22 hours ago I recommended that you put this enhancement forward as an update to the existing plugin, but you decided that I didn’t know what I was talking about and went ahead and instead 11 hours ago submitted a PR to create an entirely new “Extended” plugin that is a fairly minor tweak to an existing plugin.

This is like me saying I want to tweak something in Picard, and I do so by publishing Picard Enhanced which does exactly what Picard does but with my additional tweak.

This is a route to madness - an exponentially expanding ecosystem of almost identical functionality, but each slightly different from the other.

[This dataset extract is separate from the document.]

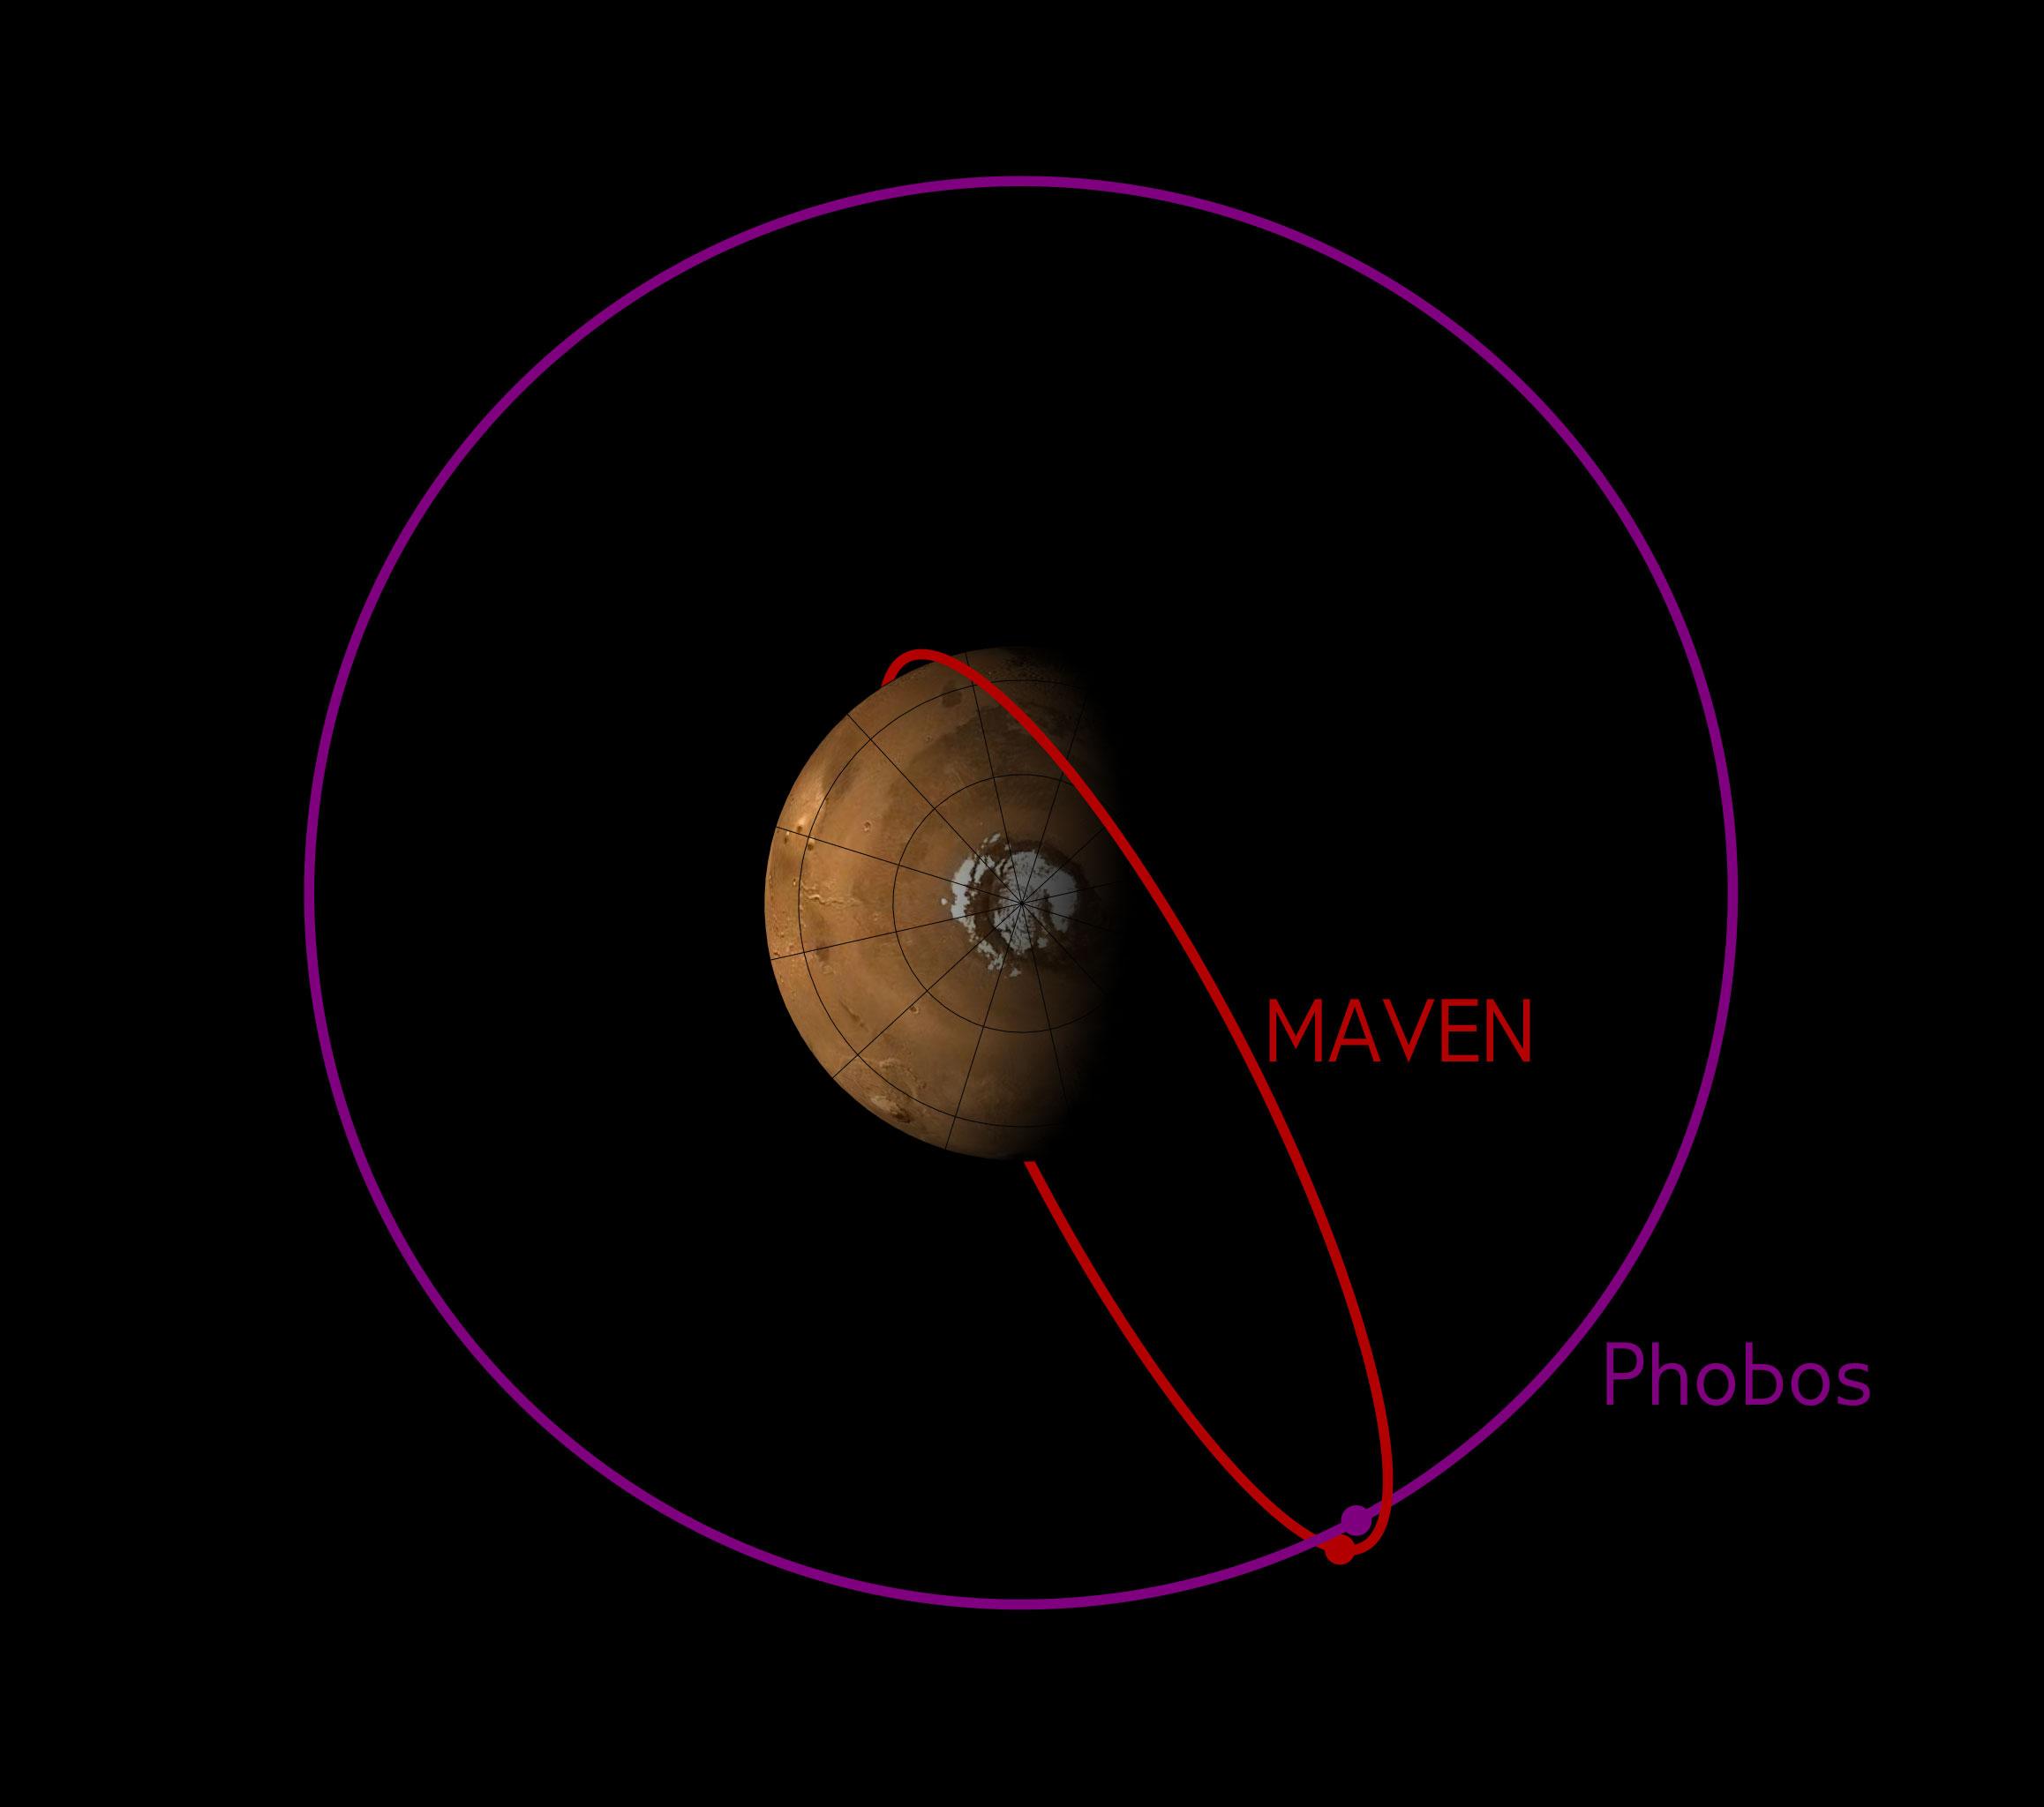 Orbit of MAVEN and Phobos – NASA's Mars Exploration Program
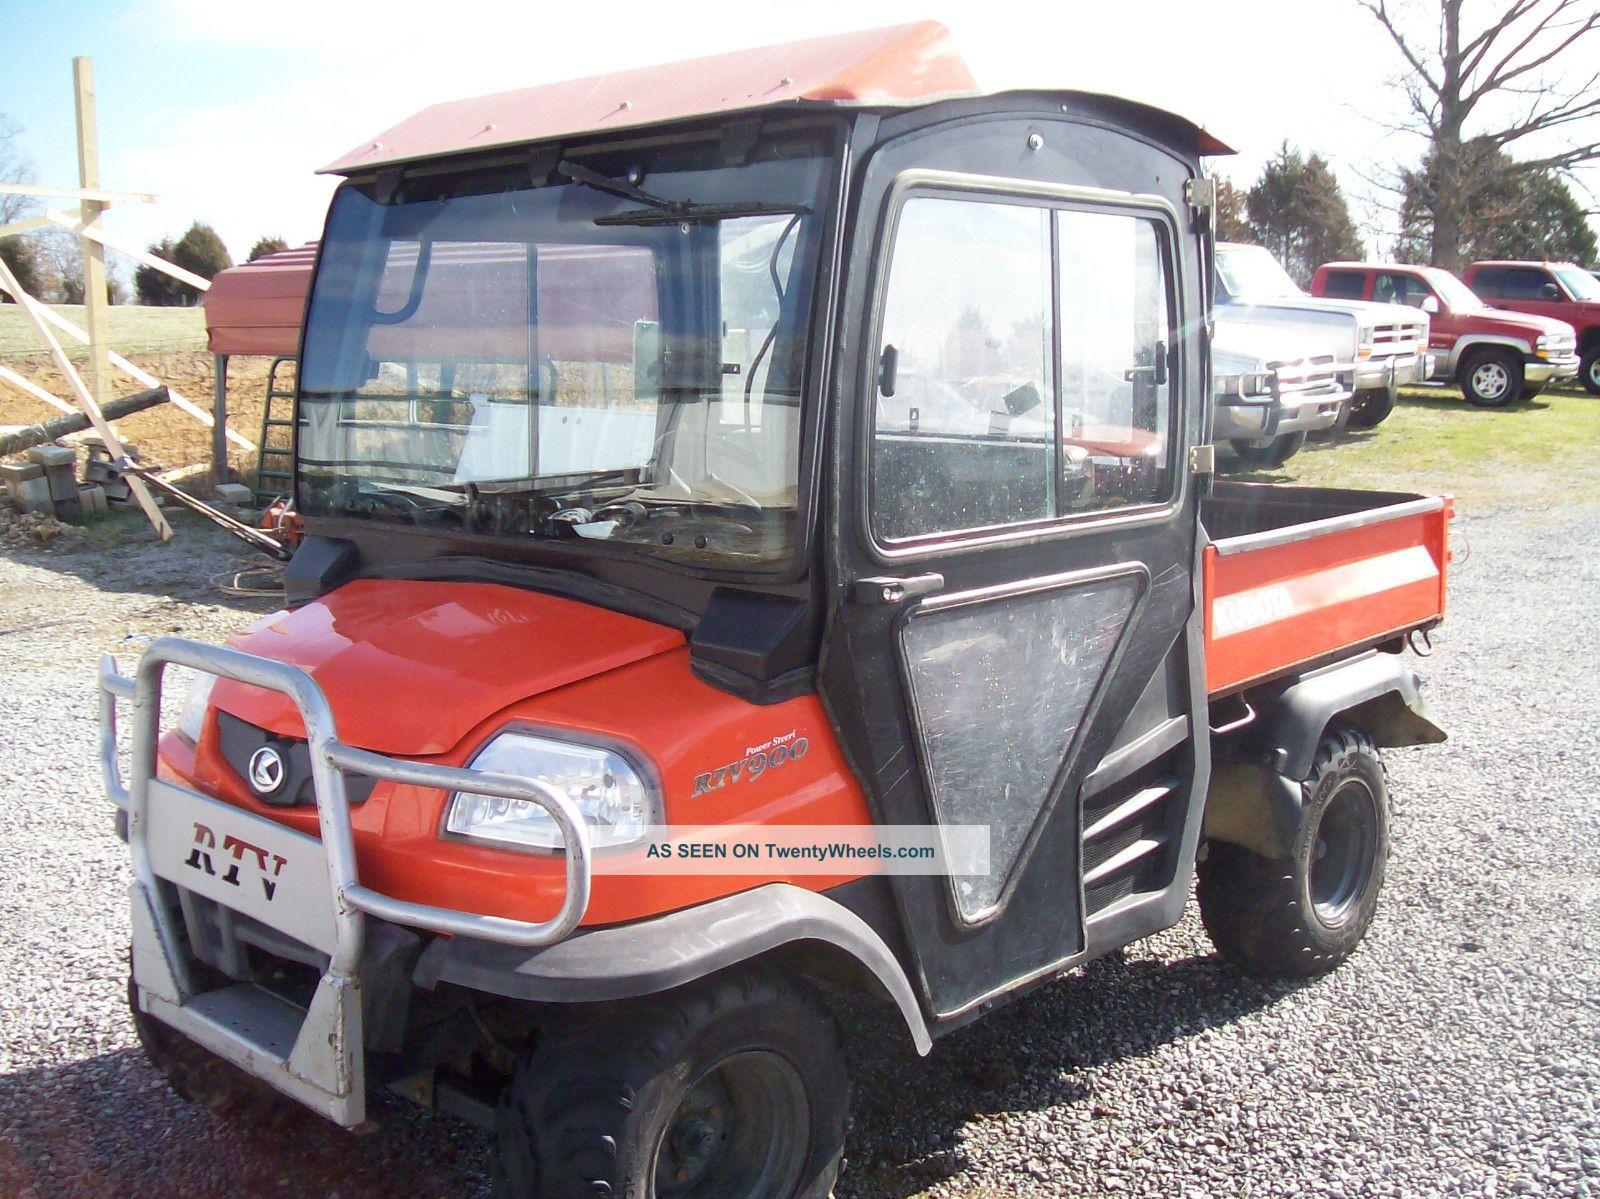 2005 Kubota Diesel Rtv 900 1399 Hrs 4x4 Hard Cab,  Heat Utility Vehicles photo

If I wanted to enhance this plugin further, am I supposed to publish a “Non-ASCII Equivalents Enhanced Extended” version - and what happens when (sooner) we run out of synonyms for “Enhanced” OR (later) it literally takes more characters for the name than there are atoms in the Universe?

But then, despite ignoring my advice, and despite the abuse I received from you last time I tried to help you, and despite me making it clear that I am not willing to help you any further as a consequence of this, you have the darned cheek to ask me for my help to fix a Codacy issue.

I am always willing to help budding plugin authors except when they act immaturely, ungratefully, unintelligently, disrespectfully, abusively, and unapologetically so.

@Sophist

OK. So remove PR Enhanced and overwrite the existing plugin?

What if you don’t like my version of the code?

Do you know this website? https://symbl.cc/en/2018/

If the Picard repo maintainers (and I am not one of them) don’t like your version of the code, the PR will not be merged regardless of whether it is a new plugin or an enhancement of an existing one.

Unnecessarily duplicating an existing plugin just to make a slight enhancement will just be an extra reason to reject a PR.